Is there a particular reason --with-compat isn't enabled by default?
Ruslan Ermilov
ru at nginx.com
Thu May 10 10:17:41 UTC 2018
On Wed, May 09, 2018 at 12:29:06PM -0400, Thomas Ward wrote:
> In regards to several off-lists inquiries downstream about people trying
> to add additional third party modules, I've gone and started seeking
> justification for enabling --with-compat.
>
> Downstream in Ubuntu, I'm getting pushback in that the question of "Why
> do we need to enable this, what does it add?". I'm trying to find that
> justification for it, and the best I can find is Maxim's statements on a
> 2016 email/forum thread about how it actually makes dynamic module
> support truly work (in a nutshell). [1]
>
> Further, there's pushback about "Will package security updates and
> patches change the module ABI on security fixes or bug fixes?". I don't
> have a clear answer on this, and I had this question back when dynamic
> module support was introduced, but never got a clear answer on this
> point. It does beg consideration with regards to dynamic module support
> whether a simple patch applied to the same exact NGINX version will
> break ABI. The way we handle security patches and such downstream is we
> apply patches to the existing NGINX version via `quilt`, which applies
> the patch at build time. Whether this makes an ABI change or not I
> couldn't say, so I'm hunting a response from you, the devs, to give me a
> clear answer on this.
>
> So, for those who didn't read everything there's two questions here:
>
> (A) Other than making dynamic module support "work better", what does
> --with-compat actually do behind the scenes (In a nutshell)?

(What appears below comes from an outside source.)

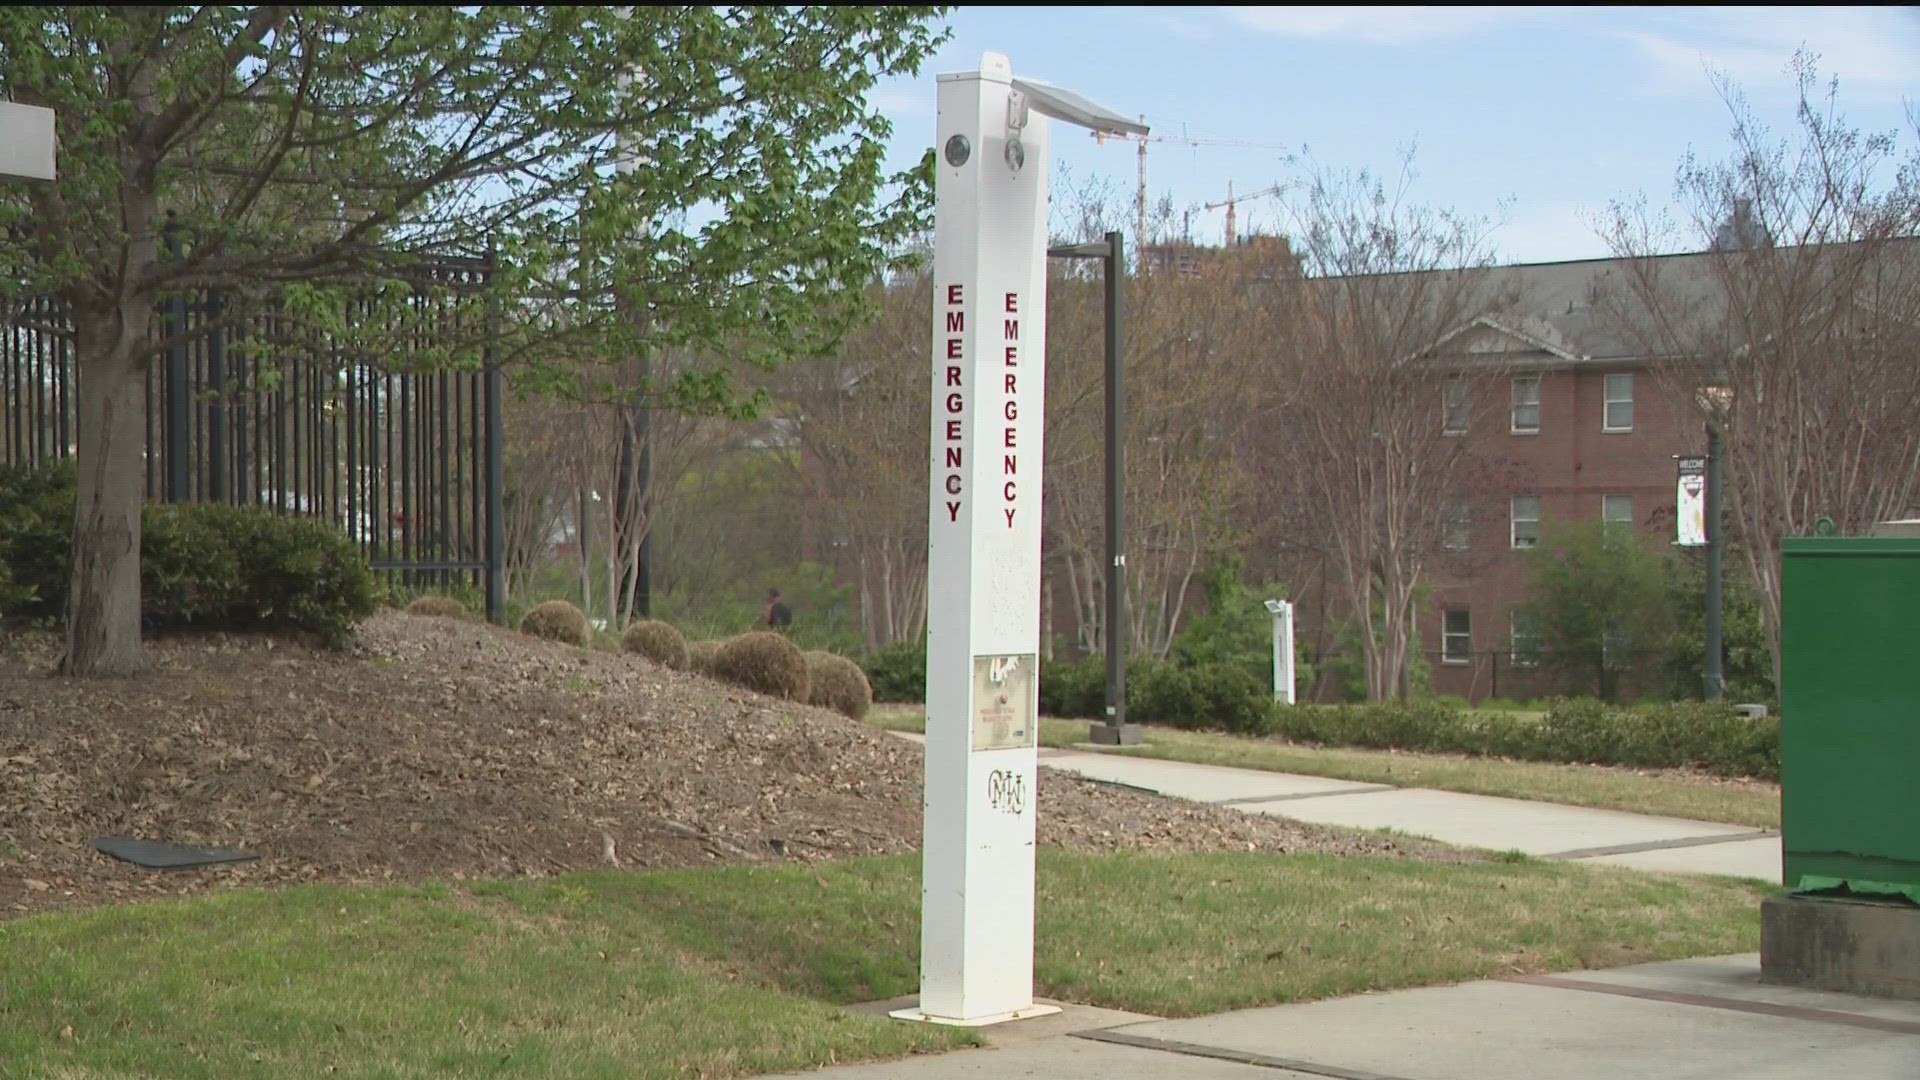 Students expressed growing concerns after the shooting of a Clark Atlanta University Student in February.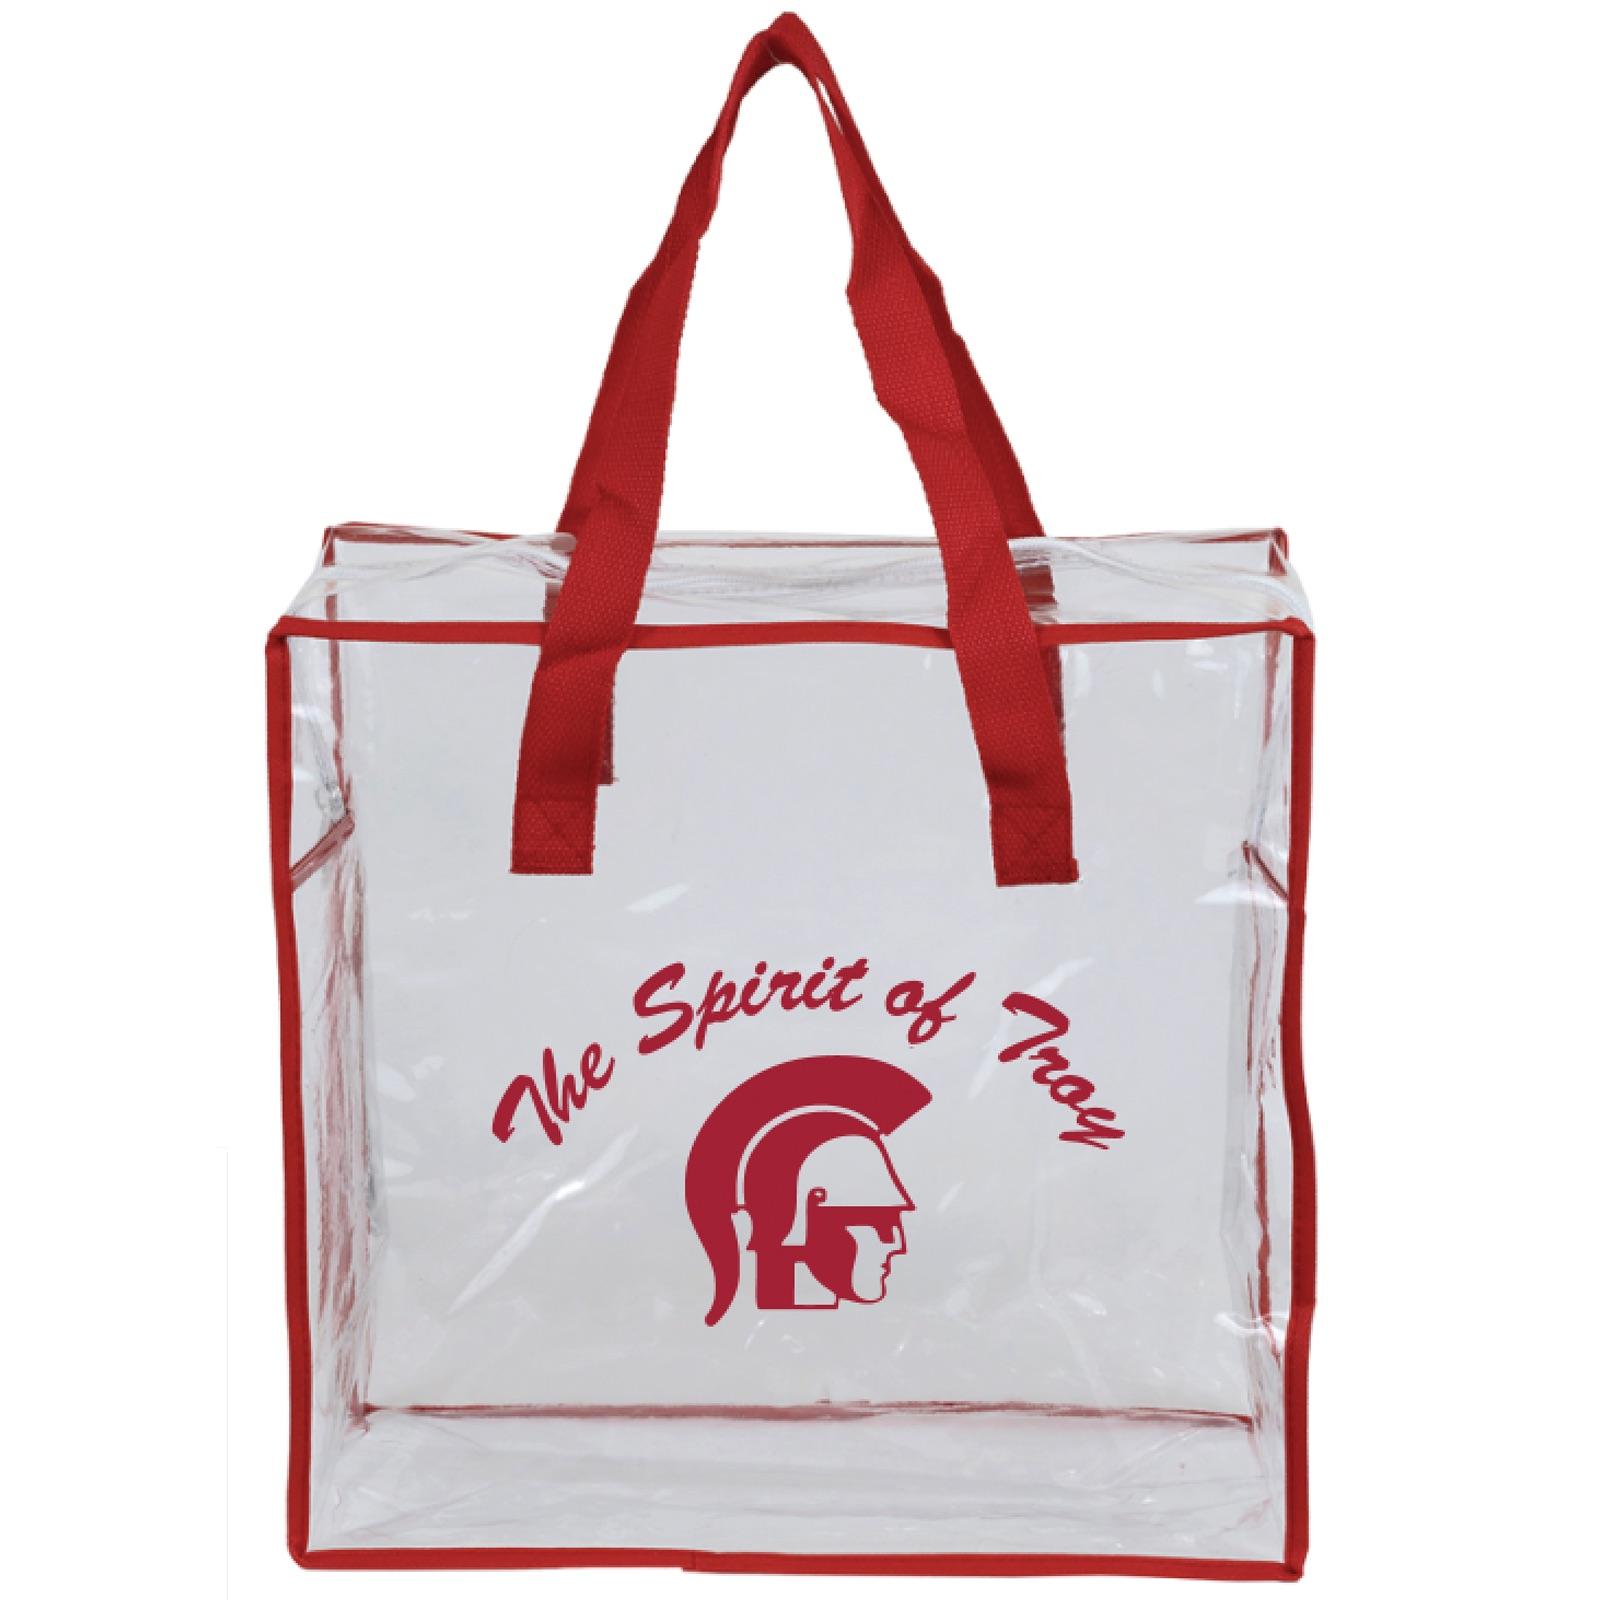 Spirit of Troy Cardinal Band Head Clear Bag image01

It enables some macros and alters some structures in a way that's
compatible with NGINX Plus, built with the same option. Practically
this means that checksums of module loadable objects will be identical
between when using F/OSS sources and when using NGINX Plus sources.
Searching for "NGX_COMPAT" throughout the F/OSS source code will
give enough details.
> (B) Will a simple patch that patches security issues or adds fixes to
> something later on but doesn't change the core NGINX version numbering
> change the module ABI in such a way that it'll break modules built
> against nginx without that patch (assuming that --with-compat was added,
> since it's apparently needed to make dynamic modules 'actually work')
If a patch is simple, this is highly unlikely. For a patch to
break the ABI, at least some externally visible structures should
be changed in some backwards incompatible ways.